Actionable Tips for Your Next Sketch
To really nail this, you should try drawing from a "macro" perspective first. Don't try to draw the whole pom. Just draw five strands. See how they overlap. See how the light hits the curve of the plastic.
Once you understand how five strands work, scale it up to fifty. Then five hundred.
- Vary your line thickness: Thick lines come forward; thin lines recede.
- Ignore the handle (sometimes): If you're drawing a "show" pom, the handle is often completely buried. Focus on the "spherical" mass instead.
- Use a reference photo: Don't guess. Look at a real photo of a "wet look" pom pom versus a "holographic" one.
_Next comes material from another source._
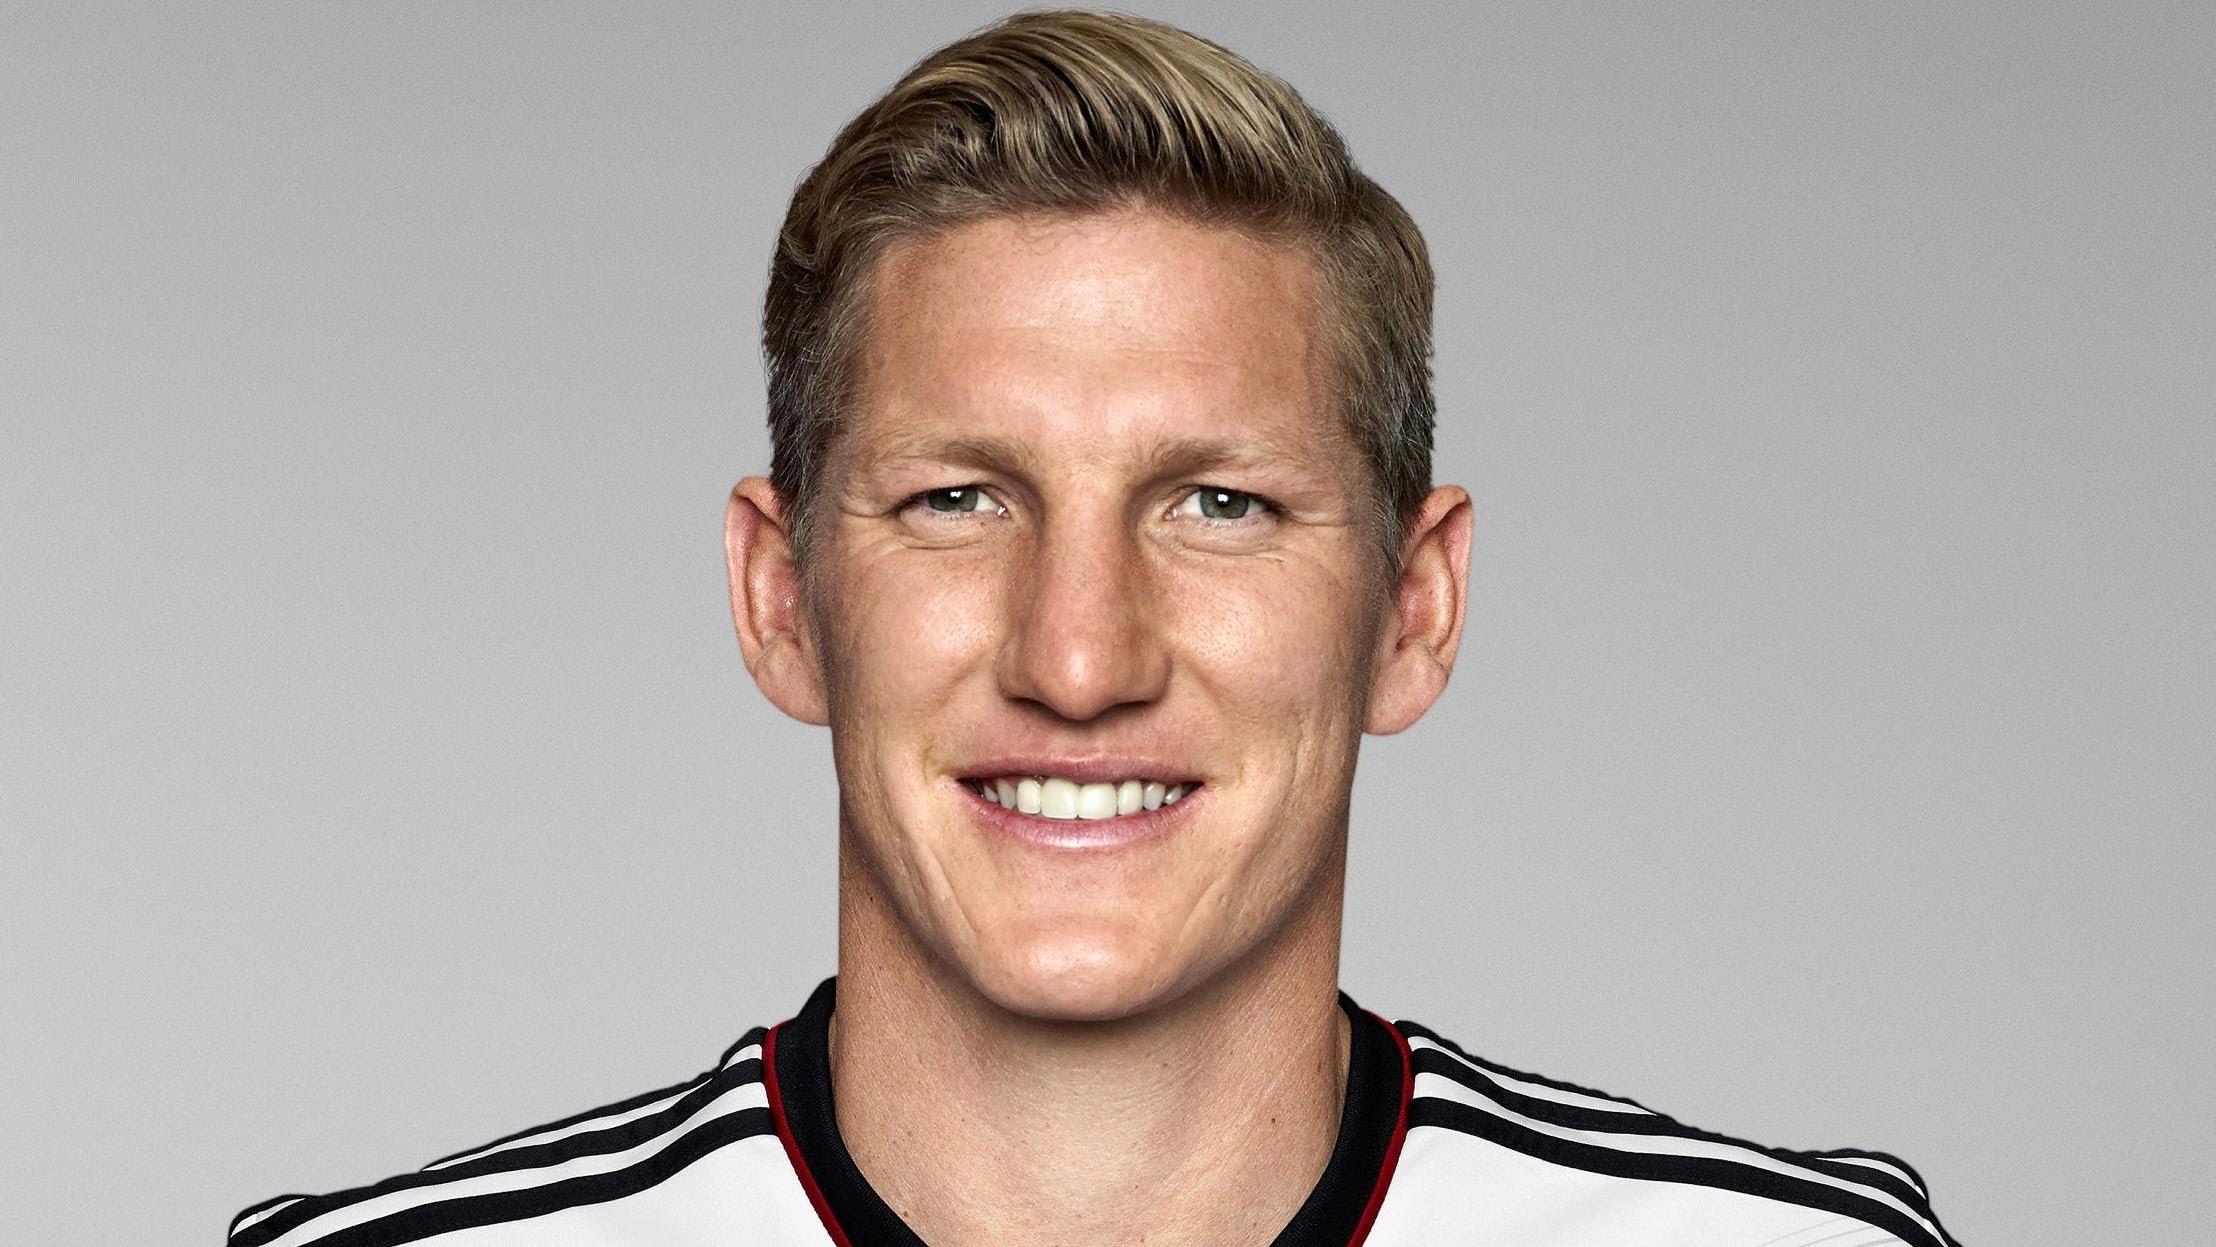 ¿Cuánto mide Bastian Schweinsteiger? - Real height Bastian

The light patterns are completely different.
- Avoid the "Sun" drawing: Don't just draw lines radiating out in a perfect circle like a child's drawing of the sun. It’s a 3D object. Some strands should be pointing directly at the viewer (these look like small dots or short stubs).
To get the best results, start with a light 4H pencil for the initial "cloud" shape. This allows you to erase easily as you refine the strands. Move to a 2B for the mid-tones and save a 6B or a dark ink for the deep crevices near the grip. If you're working digitally, create a custom brush that produces three or four parallel lines at once—this can save you hours of tedious work when filling in the bulk of the pom pom's body.
Focus on the silhouette first. If the outline of your drawing doesn't look like a pom pom, no amount of internal detail will save it. Get that "shaggy" irregular edge right, and the rest will fall into place much more naturally.